Data excerpt:

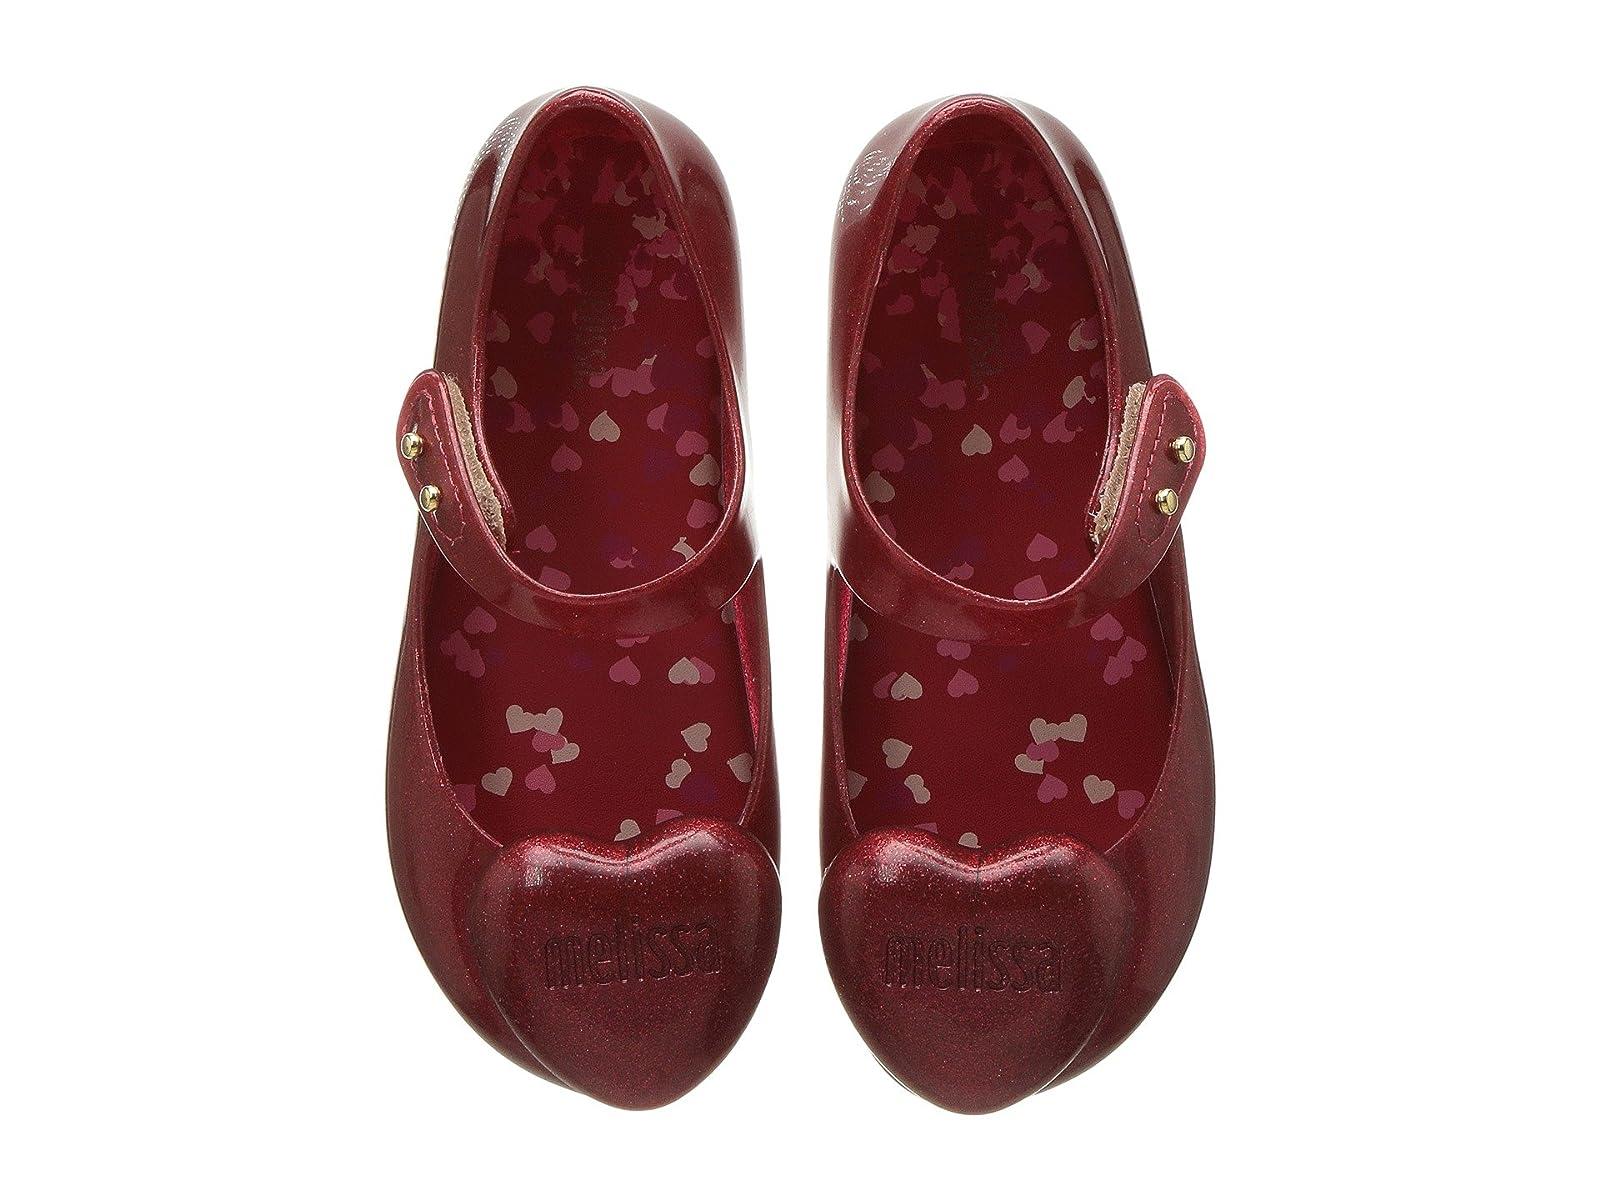 Mini Melissa Mini Ultragirl Heart (Toddler/Little Kid)Cheap and distinctive eye-catching shoes
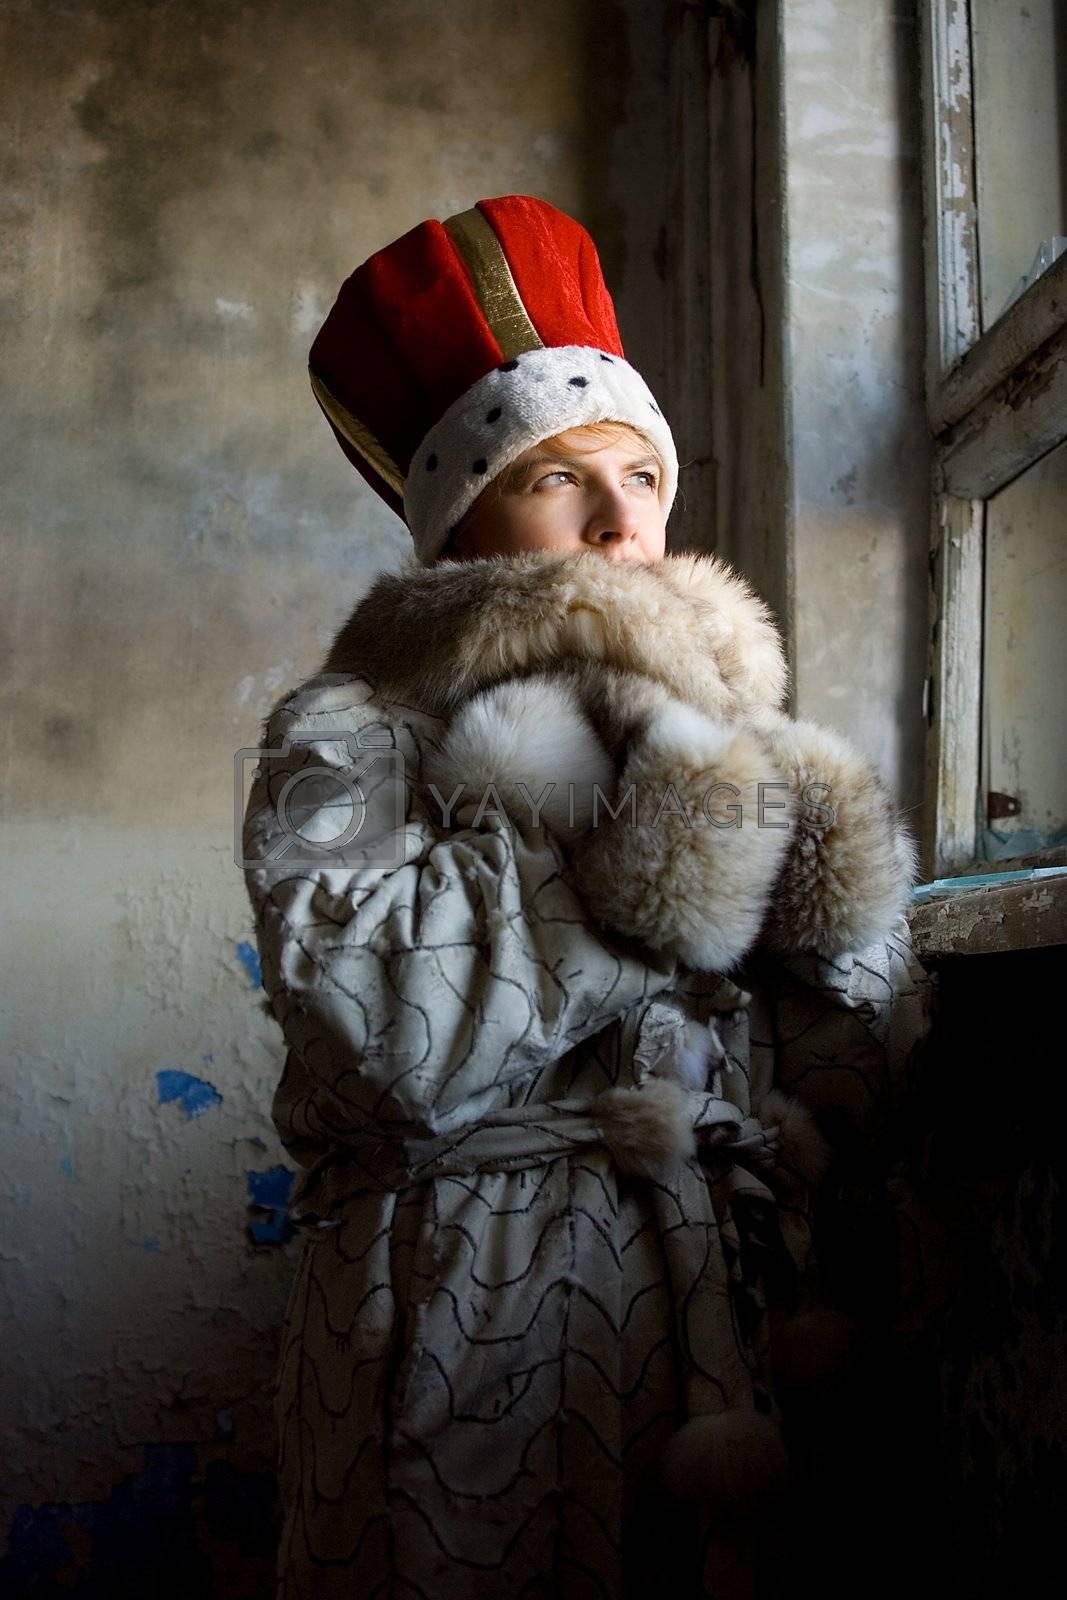 cold winter portrait
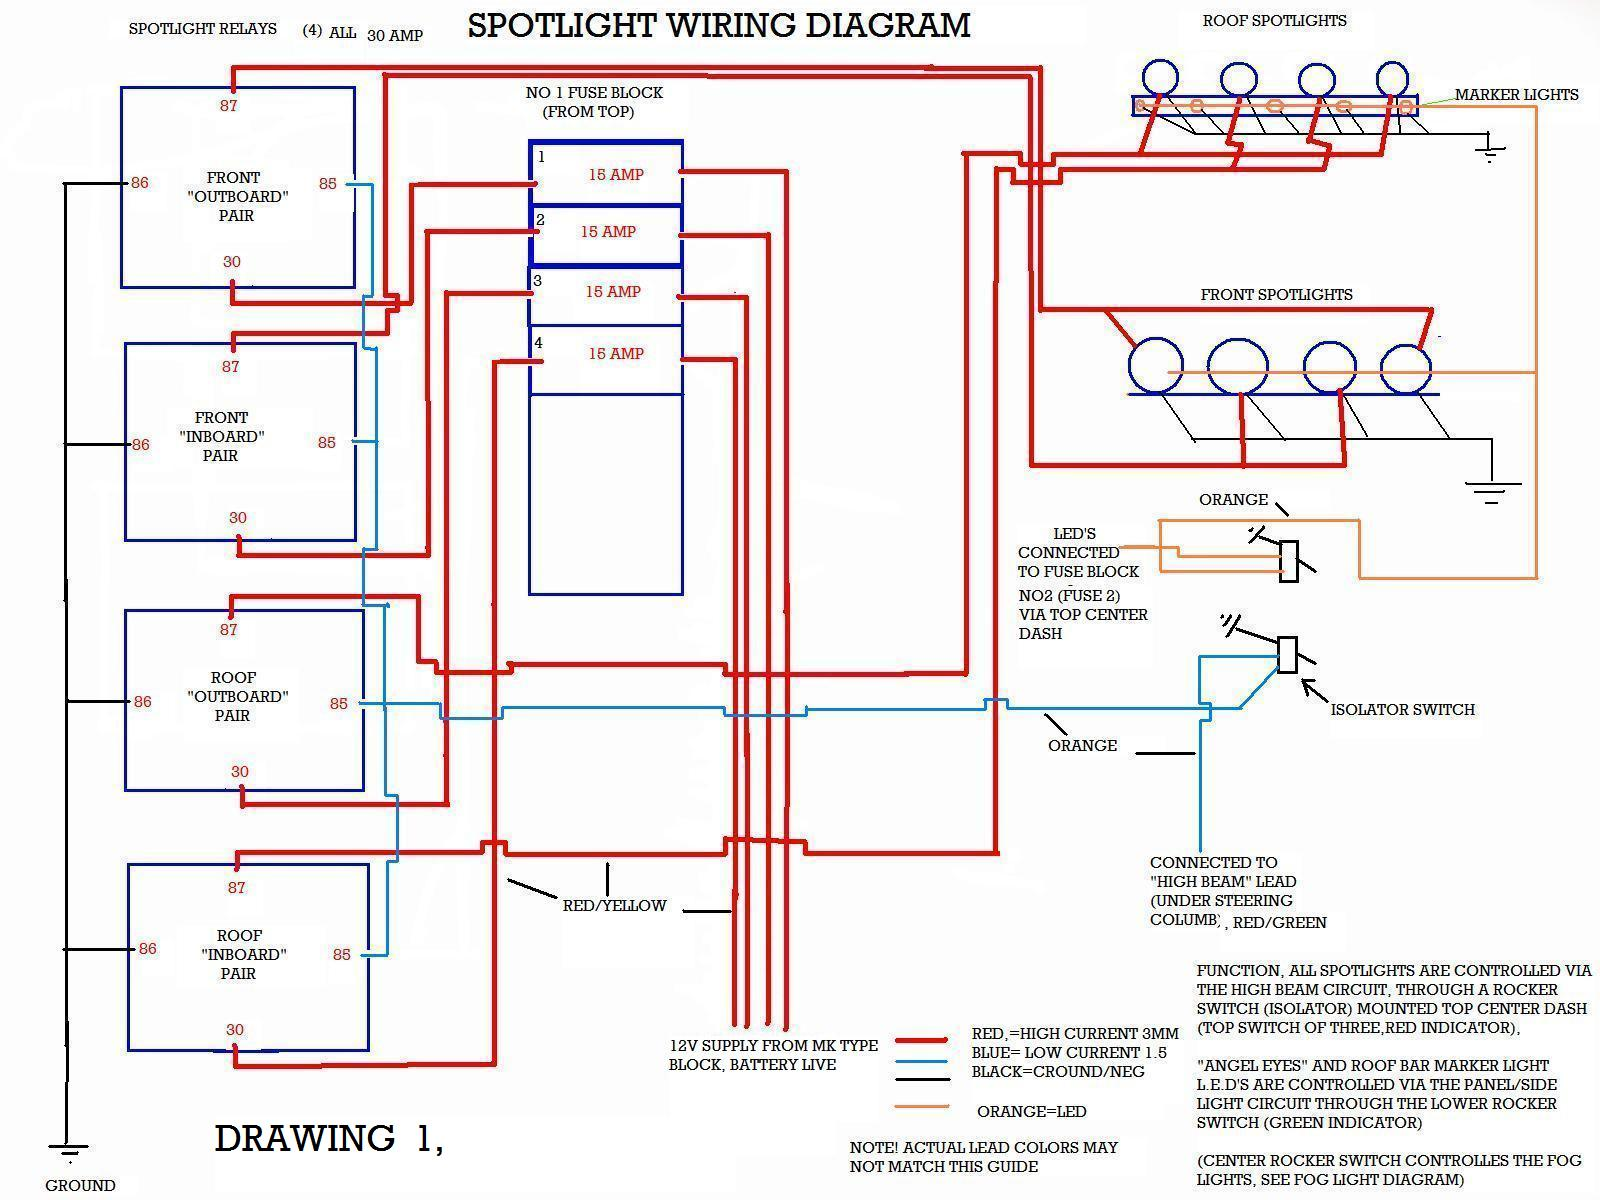 Drawings - Hilux Surf & 4Runner forum | Spotlight Wiring Diagram For Hilux |  | Hilux Surf Forum

What is required: Everything in the data except the pictures must be retyped exactly.

Output:
 Mini Melissa Mini Ultragirl Heart (Toddler/Little Kid)Cheap and distinctive eye-catching shoes
 cold winter portrait
 Drawings - Hilux Surf & 4Runner forum | Spotlight Wiring Diagram For Hilux |  | Hilux Surf Forum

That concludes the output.